Poor monitoring says "the API returned an error". Good monitoring says "the strategy is still making decisions, but market data for this instrument have not updated for 40 seconds" or "the local position differs from the exchange position after the last fill". The first is just an event. The second is a state in which the system should degrade, stop, or move into safe mode.
Alerts on silence are especially important. If a service fails loudly, it is easier to notice. If a WebSocket stops sending updates while the process remains alive and the strategy keeps reading old state, the error looks like normal operation. Monitoring therefore needs to watch not only exceptions, but also data freshness, event rate, and state invariants.

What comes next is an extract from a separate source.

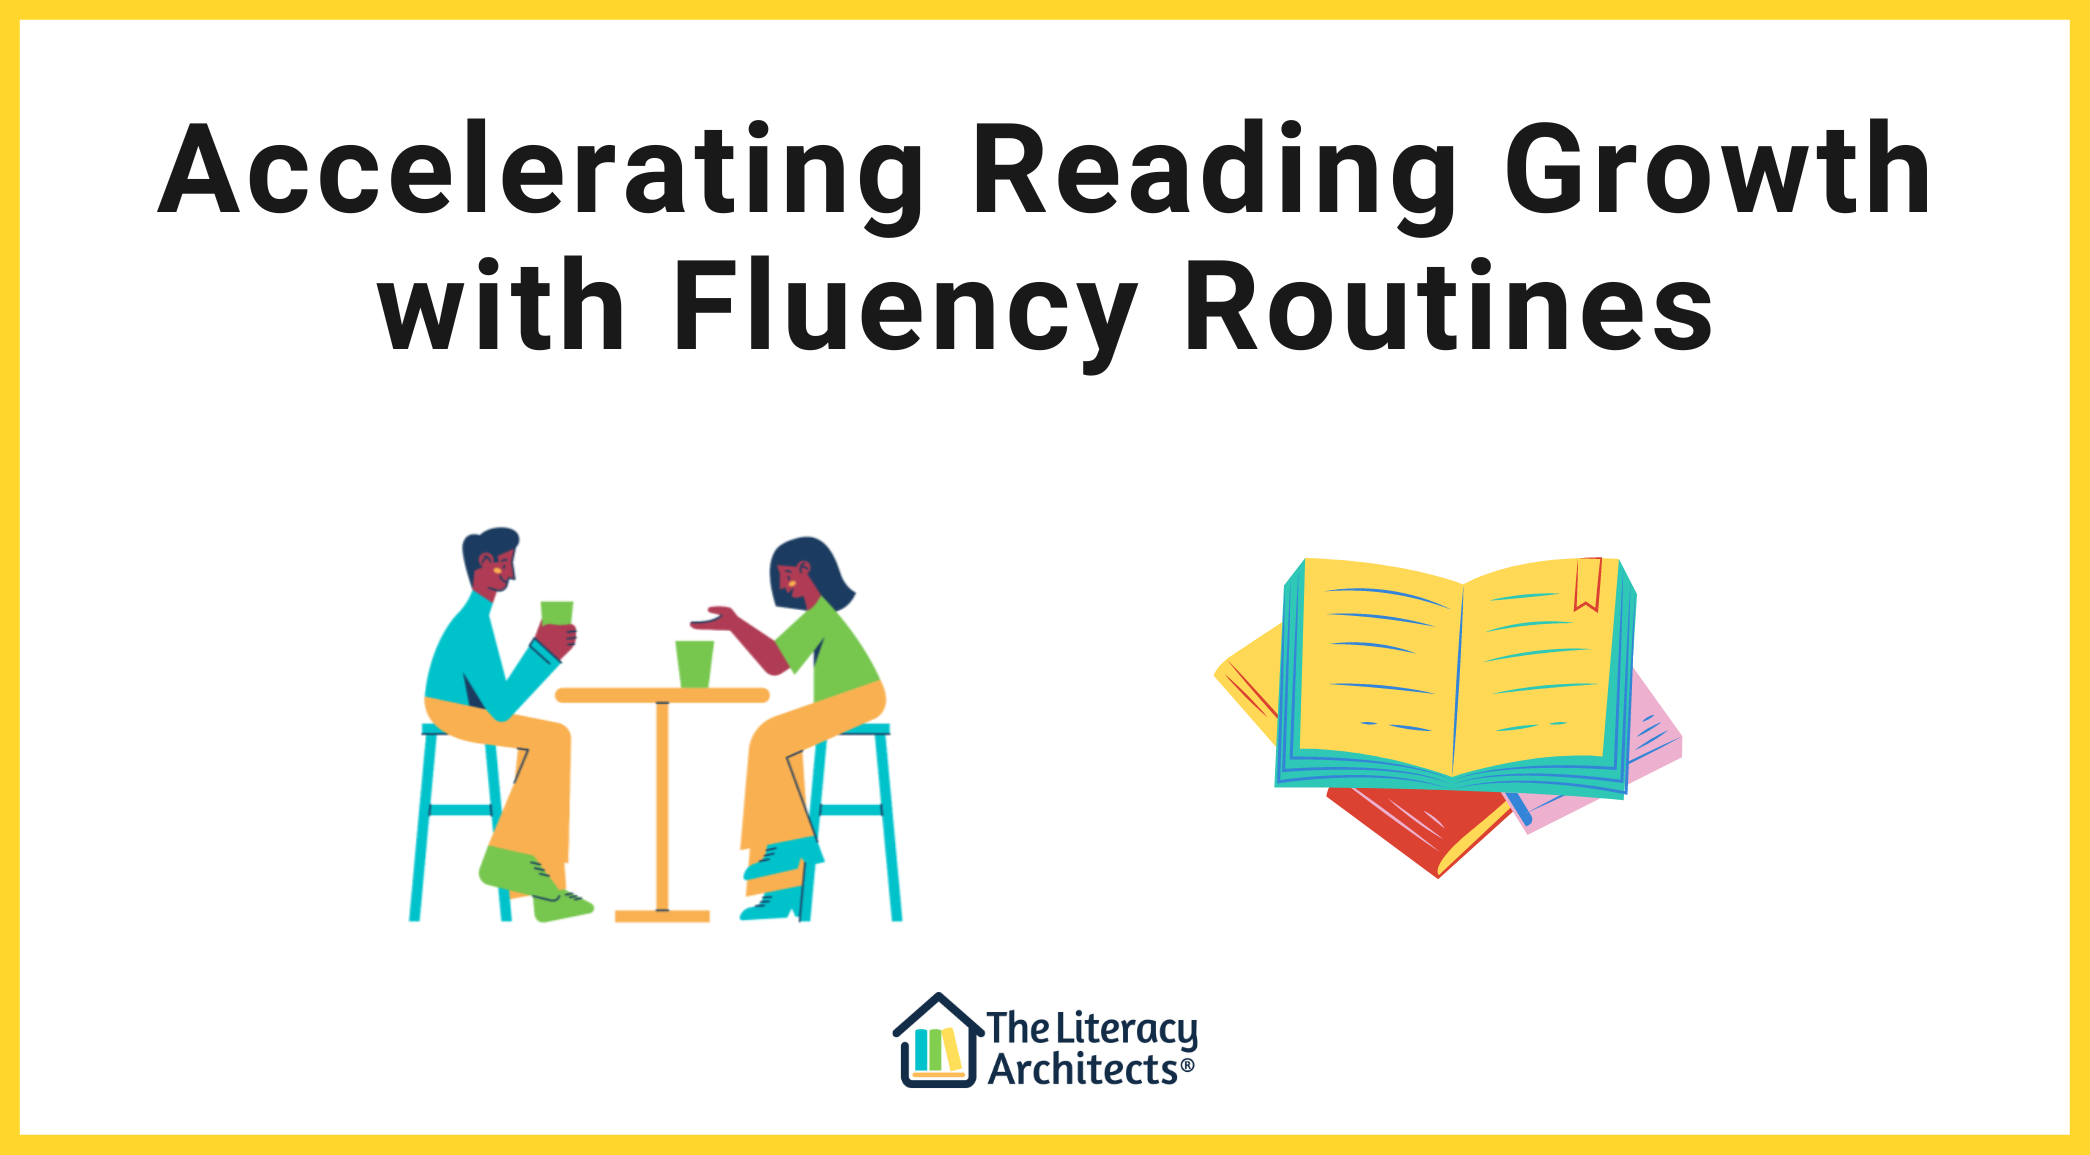 Accelerating reading growth with fluency routines

Paper trading and production: one code path, different loops
Paper trading is useful only when it tests the same path that will go into production. If the paper environment is a separate simplified implementation where orders are "filled" immediately at the last price, it tests the interface more than the trading system.
The better approach is to keep one signal path: data ingestion, strategy engine, risk checks, order intent, execution adapter, order state, fills, positions, logs, monitoring. The difference between paper and production should be in the execution adapter and the source of confirmations. In the paper adapter, fills are simulated by a defined model. In the production adapter, fills come from the exchange or broker. The rest of the system should see the same event types.
This approach enables staged rollout. First, the strategy passes historical backtesting. Then paper trading on live data checks data freshness, event order, risk limits, and operational behavior. After that, a minimal position size, limited universe, stricter limits, and stronger monitoring can be enabled. Production trading is not one large switch, but a gradual removal of constraints as the system proves that its live behavior resembles the expected behavior.
Even here, paper trading is not proof of profitability. It does not reproduce the full order queue, market impact, or liquidity stress. Its task is more modest and more useful: to check that the trading loop does not diverge from reality before the error starts costing money.
Conclusion
The architecture of an algorithmic trading system does not start with choosing a framework or a signal model. It starts with a question: can the same logic travel from data to order without changing meaning?
Data ingestion makes sure the market is represented honestly. Storage provides reproducibility. The strategy engine separates the idea from execution. The backtesting engine tests the hypothesis with real constraints in mind. The execution engine manages the order lifecycle. Exchange adapters isolate the chaos of external APIs. Risk management limits damage before it becomes irreversible. Logging gives the system memory, monitoring gives it operational sight. Paper trading connects research and production without a blind jump.
A strong system does not have to be complex. But it must have clear boundaries, verifiable invariants, and one decision path. Otherwise, a strategy may look functional in research while in reality it trades not the market, but a set of architectural assumptions.